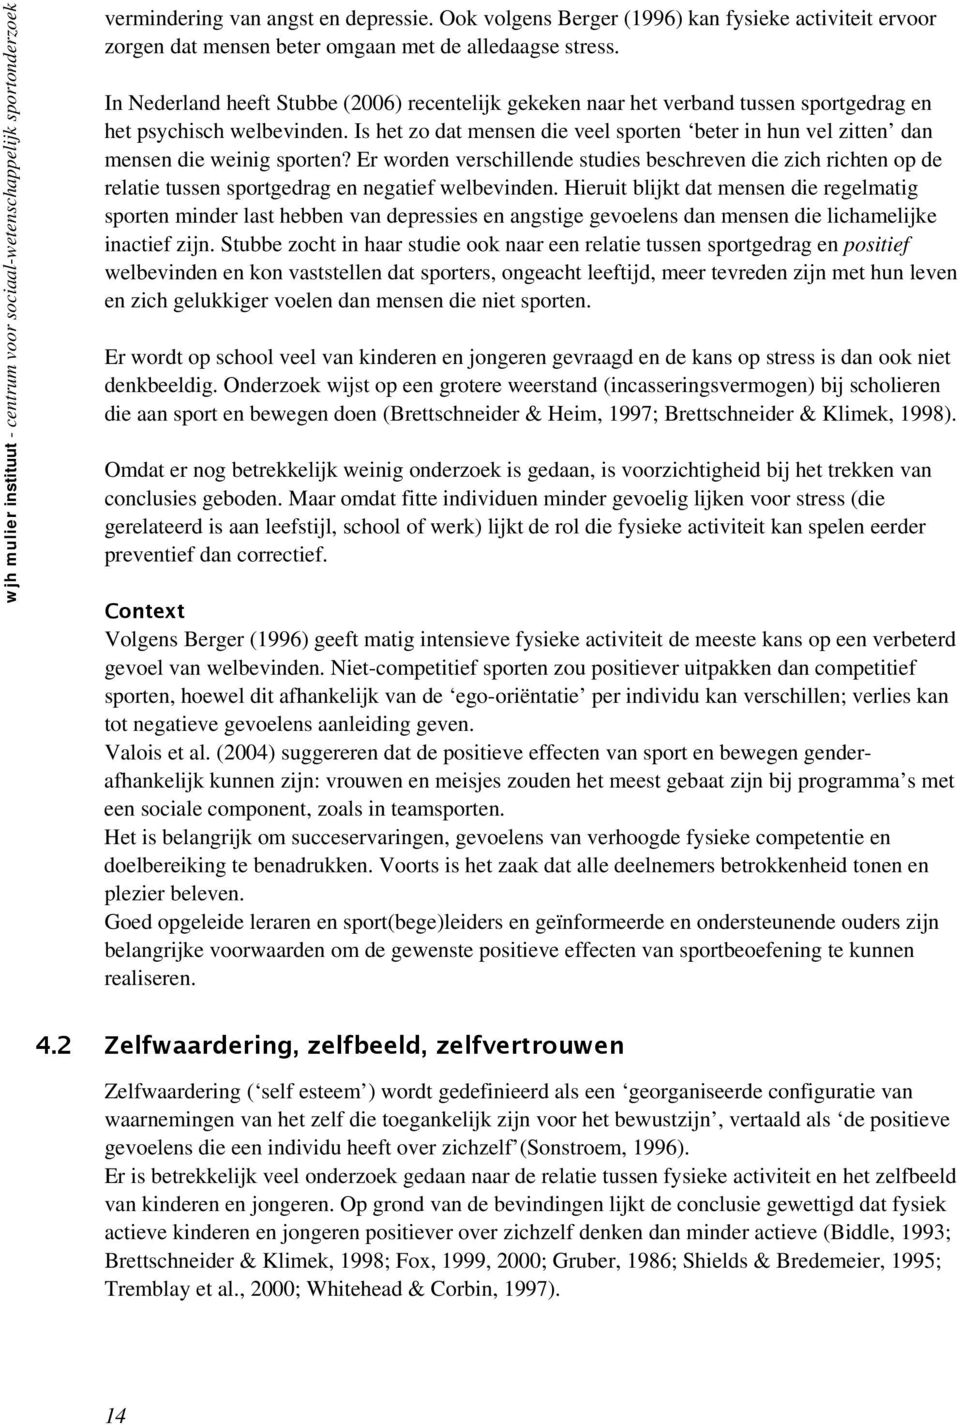 In Nederland heeft Stubbe (2006) recentelijk gekeken naar het verband tussen sportgedrag en het psychisch welbevinden.
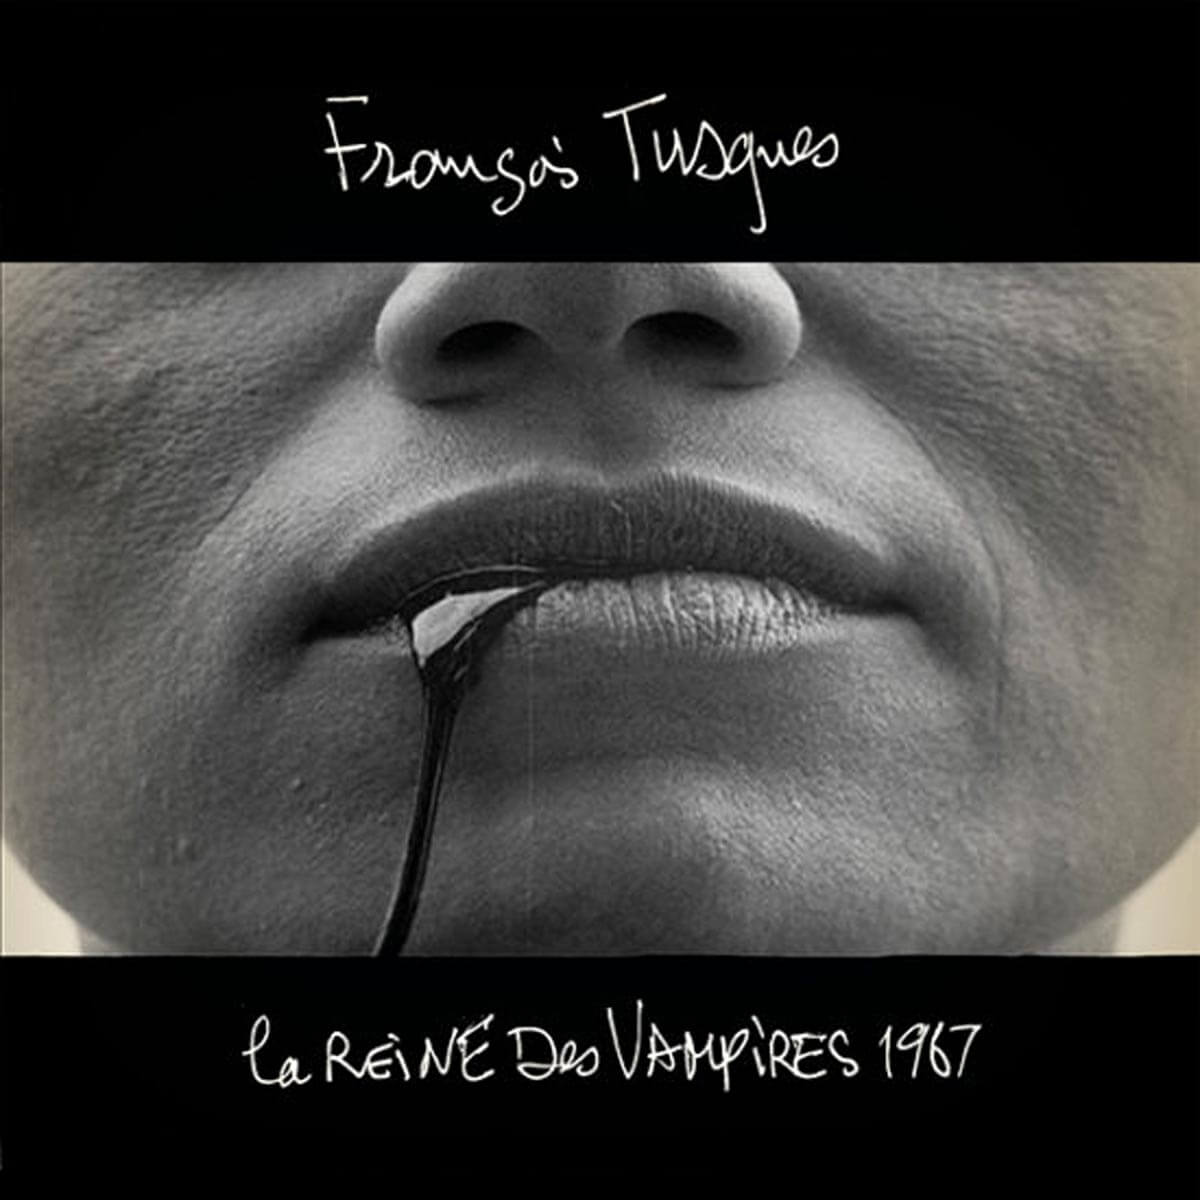 francois tusques la reine des vampires 1967 vinyl lp
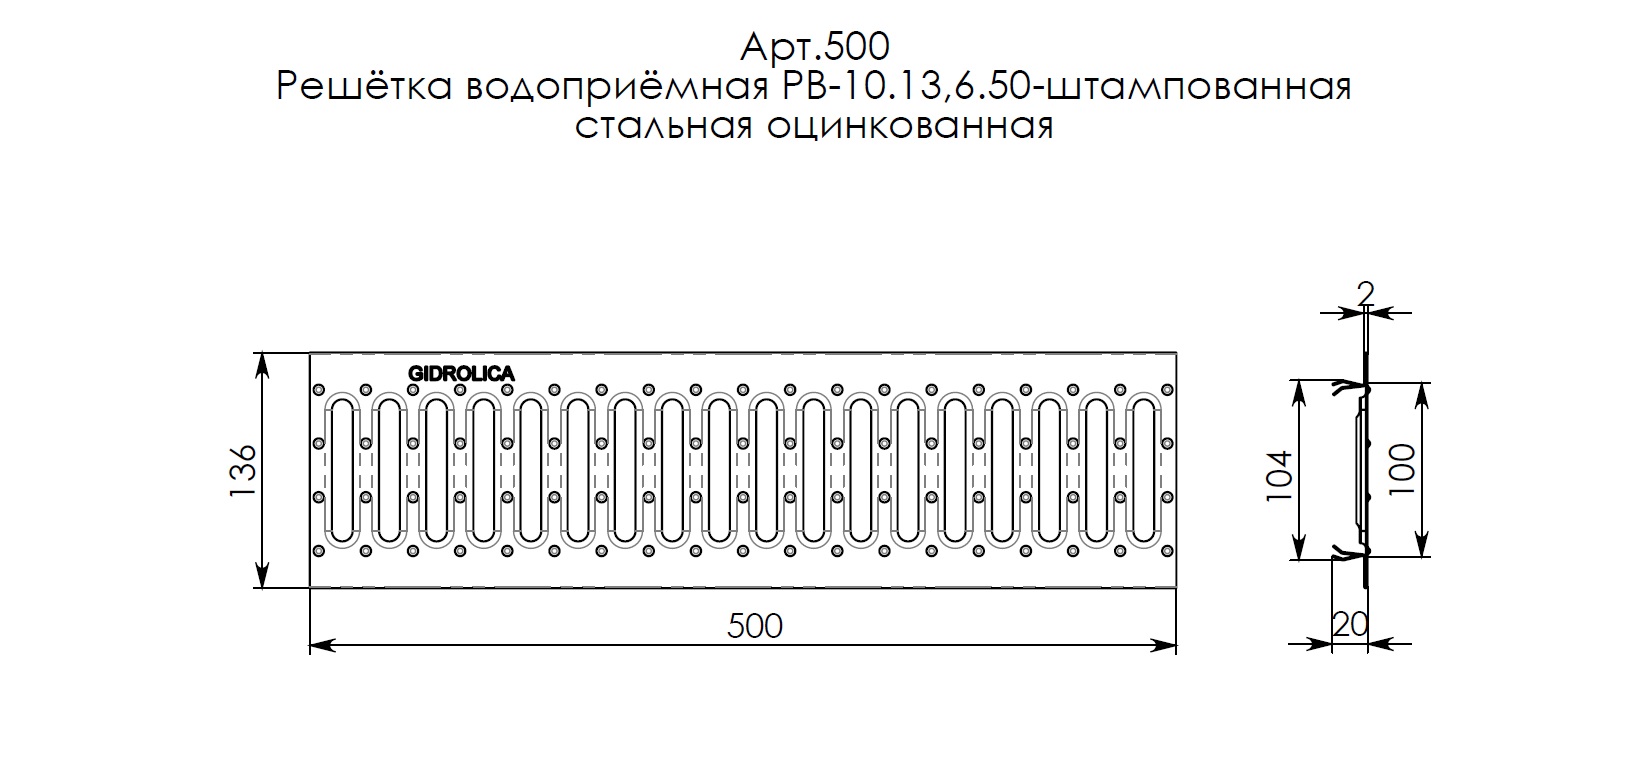 Решетка водоприемная Gidrolica Standart РВ-10.13,6.50-штамп. стальная оцинк., кл. А15 (500) 4

▶ What the task requires
Only the text of the listing should be returned, exactly and in full; no image goes into the copy.

▶ Written response
 In Nederland heeft Stubbe (2006) recentelijk gekeken naar het verband tussen sportgedrag en het psychisch welbevinden.
 francois tusques la reine des vampires 1967 vinyl lp
 Решетка водоприемная Gidrolica Standart РВ-10.13,6.50-штамп. стальная оцинк., кл. А15 (500) 4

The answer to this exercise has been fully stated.